Bactérias conseguem biodegradar petróleo e diesel no Ártico canadense

Notícia é um alívio diante do avanço das atividades da indústria do petróleo e do setor de navegação nessa área

O degelo no Ártico está estimulando a chegada à região da indústria petroleira e de do setor de navegação, ampliando os riscos de vazamento de óleo. Crédito: Noaa/Flickr

Bactérias marinhas nas águas geladas do Ártico canadense são capazes de biodegradar petróleo e óleo diesel, de acordo com um novo estudo publicado na revista Applied and Environmental Microbiology, da American Society for Microbiology.

O sequenciamento genômico revelou potencial inesperado para biorremediação de hidrocarbonetos em linhagens de bactérias, incluindo Paraperlucidibaca, Cycloclasticus e Zhongshania, disse o coautor Casey Hubert, professor associado de geomicrobiologia da Universidade de Calgary (Canadá). Esses microrganismos “podem representar os principais participantes na resposta aos derramamentos de óleo no Ártico”.

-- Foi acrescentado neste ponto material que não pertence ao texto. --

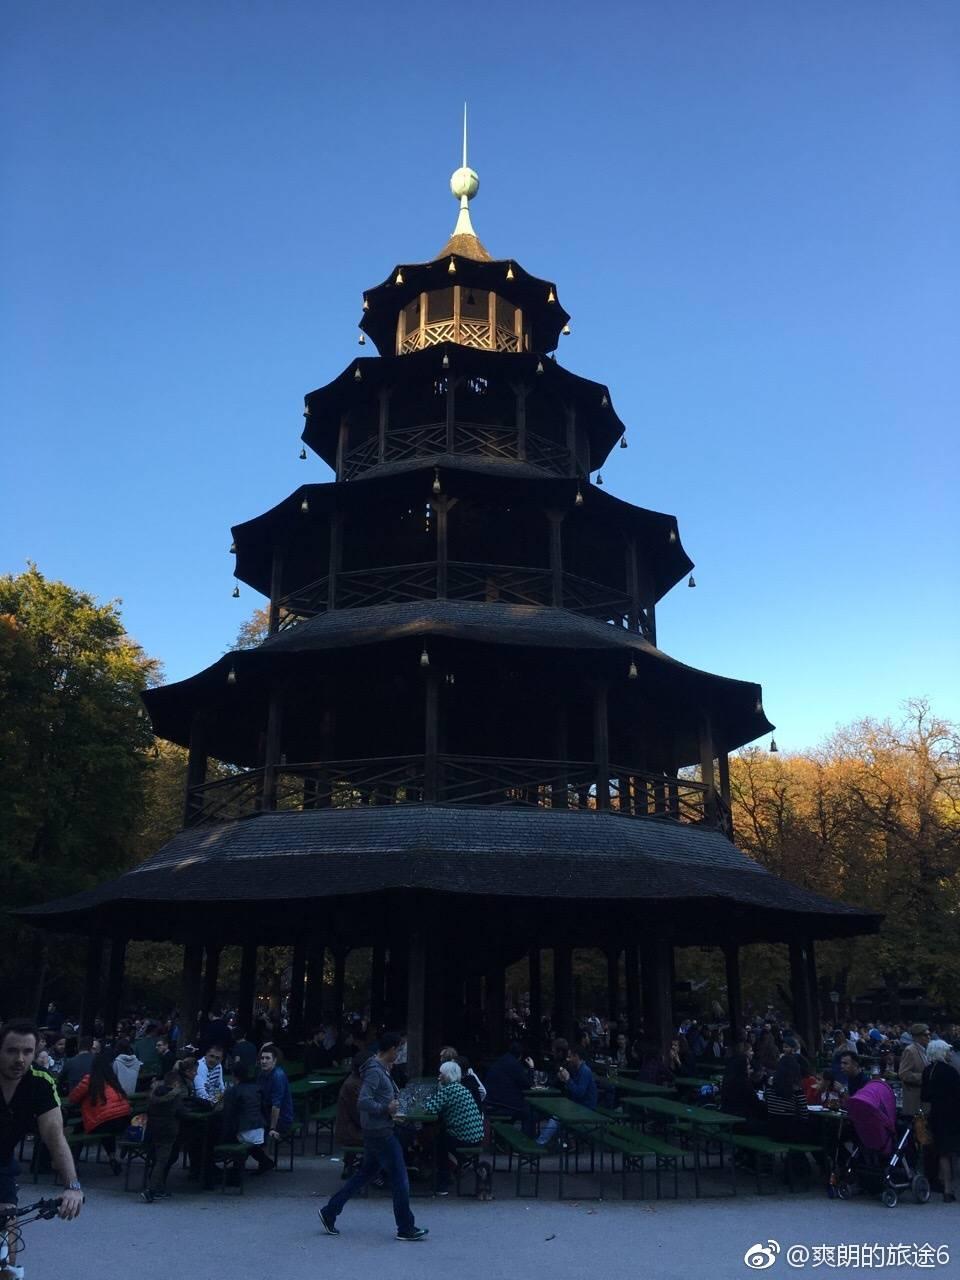 China Garten Best Of Chinesischer Turm attractions Zoe爷 Munich Travel Review

“O estudo também confirmou que o fornecimento de nutrientes pode aumentar a biodegradação de hidrocarbonetos sob essas condições de baixa temperatura”, disse Hubert.

Benefícios e riscos

“Essas águas permanentemente frias estão vendo uma atividade industrial crescente relacionada ao transporte marítimo e às atividades do setor de petróleo e gás offshore”, afirmou Hubert a respeito do impulso para esse trabalho.

Sean Murphy, aluno de Hubert e que cresceu na região, instigou o projeto. Murphy, cientista aquático que atua na consultoria ambiental ERM Canada, notou o benefício que o petróleo em alto-mar trouxe para as pessoas da Terra Nova e do Labrador, mas ficou profundamente preocupado com o derramamento de óleo da plataforma Deepwater Horizon no Golfo do México. Então, concentrou sua pesquisa de mestrado no Mar de Labrador para “ajudar a informar estratégias futuras de mitigação de derramamento de óleo (…) em temperaturas frias na região.”

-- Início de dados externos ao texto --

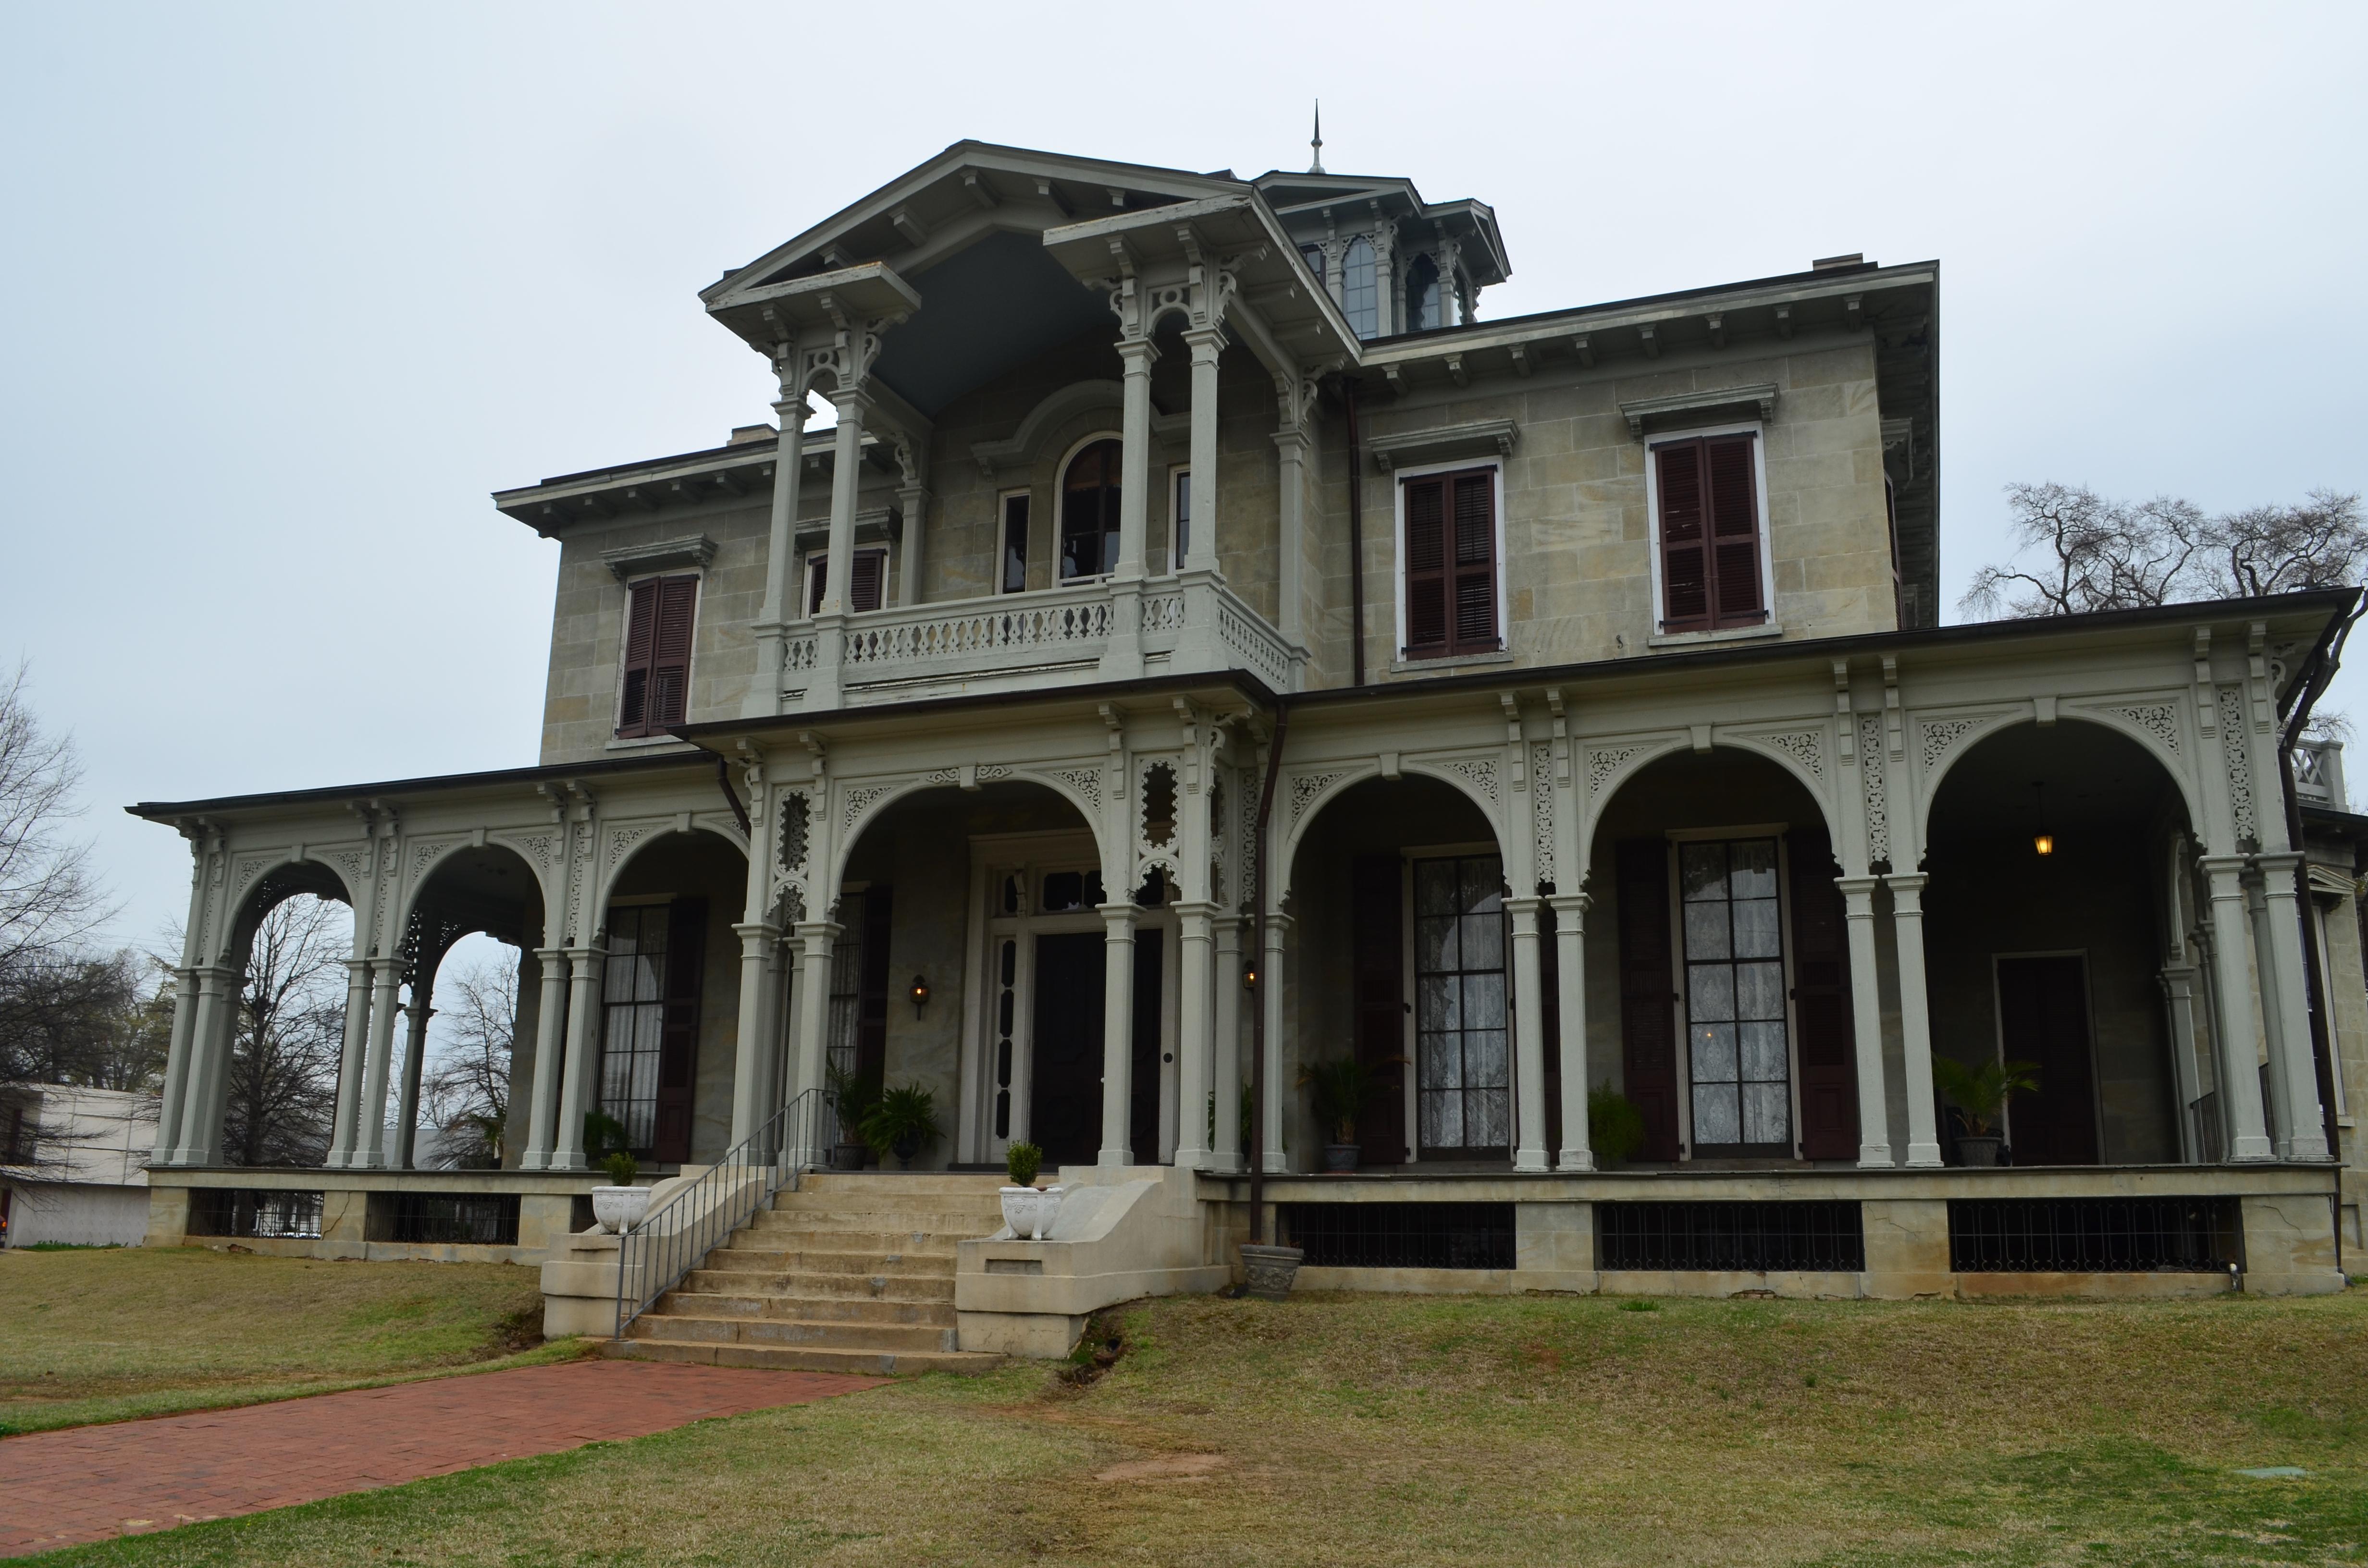 Jemison van de graaff mansion alabama architecture for Mansion architecture

A costa do Labrador, onde o estudo foi realizado, é importante para os povos indígenas que dependem do oceano para se alimentar. Diferentemente do que ocorre nas latitudes mais baixas, existe no extremo norte uma escassez de pesquisas sobre biorremediação, observou Hubert.

Respostas da natureza

“À medida que a mudança climática estende os períodos sem gelo e o aumento da atividade industrial ocorre no Ártico, é importante entender as maneiras pelas quais o microbioma marinho ártico responderá se houver derramamento de óleo ou combustível”, disse Hubert. Isso é especialmente importante, pois “essa região permanece vasta e remota, de modo que a resposta de emergência a derramamentos de óleo seria complicada e lenta”.

No estudo, os pesquisadores simularam a remediação de derramamento de óleo dentro de garrafas, combinando a lama dos primeiros centímetros do fundo do mar com água do mar artificial e com diesel ou óleo cru, junto com diferentes aditivos de nutrientes em concentrações variadas.

Os experimentos foram realizados a 4°C, em aproximação à temperatura no Mar do Labrador, e ocorreram durante várias semanas. “Nossas simulações demonstraram que bactérias degradadoras de óleo de ocorrência natural no oceano representam as primeiras respostas da natureza a um derramamento de óleo”, disse Hubert.